Mailänder: Die Digitalorgeln haben nicht die Seele von Pfeifenorgeln, weil sie bei Weitem weniger lebendig sind. Wenn einmal der Ton digital festgelegt ist, dann steht er. Bei einer Pfeifenorgel verändert sich immer etwas. Es ist immer etwas Lebendiges. Das ist ein wichtiges Argument, das man gut anbringen kann.

DOMRADIO.DE: Schauen wir mal auf den Petersdom. Der riesige Raum ist ja bei den großen Gottesdiensten eine ziemliche Hausforderung, was die musikalische Beschallung angeht. Ist die neue digitale Lösung, die ja obendrein auch für den Petersplatz gilt, nicht nachvollziehbar?

Mailänder: Wenn man im Petersdom war und dort einmal Musik gemacht hat, auch schon einmal an der dortigen Orgel gesessen hat, dann weiß man, dass vorne links ein großes, tolles Instrument steht. Dieses Instrument vermag aber den Raum nicht zu füllen. Wenn man einen Gottesdienst, bei dem der Chor singt, optimal begleiten will, ist das mit der vorhandenen Pfeifenorgel kaum möglich, beziehungsweise auch nur durch die Abnahme durch Mikrophone und elektronische Übertragung im ganzen Raum machbar. Das ist der digitalen Erzeugung nicht sehr unähnlich.

DOMRADIO.DE: Ist das denn aus Ihrer Sicht dann die ideale Lösung für den Petersdom?
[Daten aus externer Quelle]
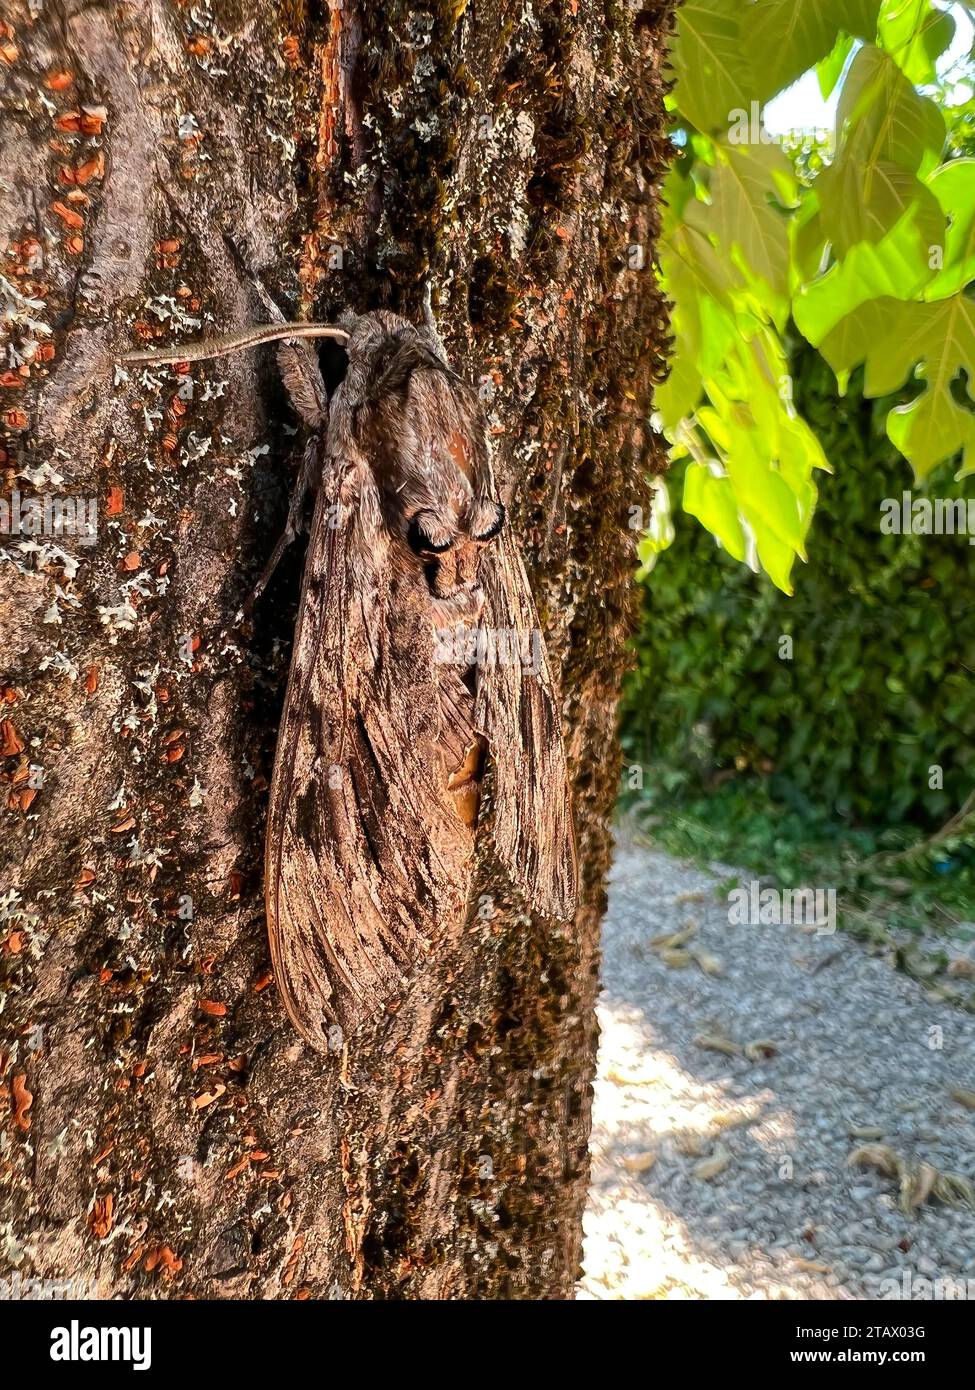 Natural closeup on an impressive large grey colored Convolvulus hawk-moth, Agrius convolvuli, resting camouflaged on the trunk of a tree during the da Stock Photo

Mailänder: Man muss die Geschichte noch ein wenig weiter erzählen. Der Chor der Sixtinischen Kapelle hat im Petersdom durch Sponsoren mit neuen Podesten und guter Hörbarkeit untereinander einen neuen Aufstellungsort gefunden. Über diesen Aufstellungsort werden die Töne abgenommen und in die Anlage des gesamten Petersdomes eingespielt. Die Qualitätsverbesserung des Chores ist seit einigen Jahren - auch durch den Austausch einiger Mitglieder - deutlich zu hören. Aber insbesondere auch durch die Möglichkeiten, die jetzt da sind. Der Chor kann viel kammermusikalischer musizieren und man hört es im gesamten Dom. Wenn man von diesem Ort aus den Chor begleiten will, müsste man eine Riesenorgel in der Mitte des Petersdomes bereitstellen. Jeder kann sich vorstellen, dass dies nicht geht.

Das heißt, für das ideale Zusammenspiel von Chor und einem Instrument ist eine Nähe hilfreich, die aber doch nur mit einer digitalen Lösung möglich ist. Diese digitale Möglichkeit wiederum bringt es mit sich, dass im gesamten Petersdom ohne hohe Amplitude gut zu übertragen ist, wie die Musik klingt. Die Musik kann direkt übertragen werden und ich finde, man muss alles nutzen, was dem Gebet hilft. Und wenn man dadurch besser beten kann - und ich gehe davon aus, dass die Orgel für die Begleitung des Chorsingens genutzt wird - ist das in meinen Augen eine gute Lösung.

DOMRADIO.DE: Jetzt die haben Verfechter der klassischen Pfeifenorgel einen offenen Brief an den Präfekten der Liturgiekongregation, Kardinal Sarah, verfasst und darin ihren Unmut über die römische Entscheidung zum Ausdruck gebracht. Glauben Sie, dass das etwas bewirkt?

Mailänder: Dafür kenne ich die Entscheidungsprozesse zu wenig. Ich glaube nicht, dass die Gottesdienstkongregation, der Kardinal Sarah vorsteht, direkten Einfluss hat. Die haben dafür im Petersdom eigene Verantwortliche. Ich denke, die haben es dort entschieden. Ich finde die Entscheidung insgesamt angemessen, nicht unbedingt zwingend gut.

Das Interview führte Hilde Regeniter.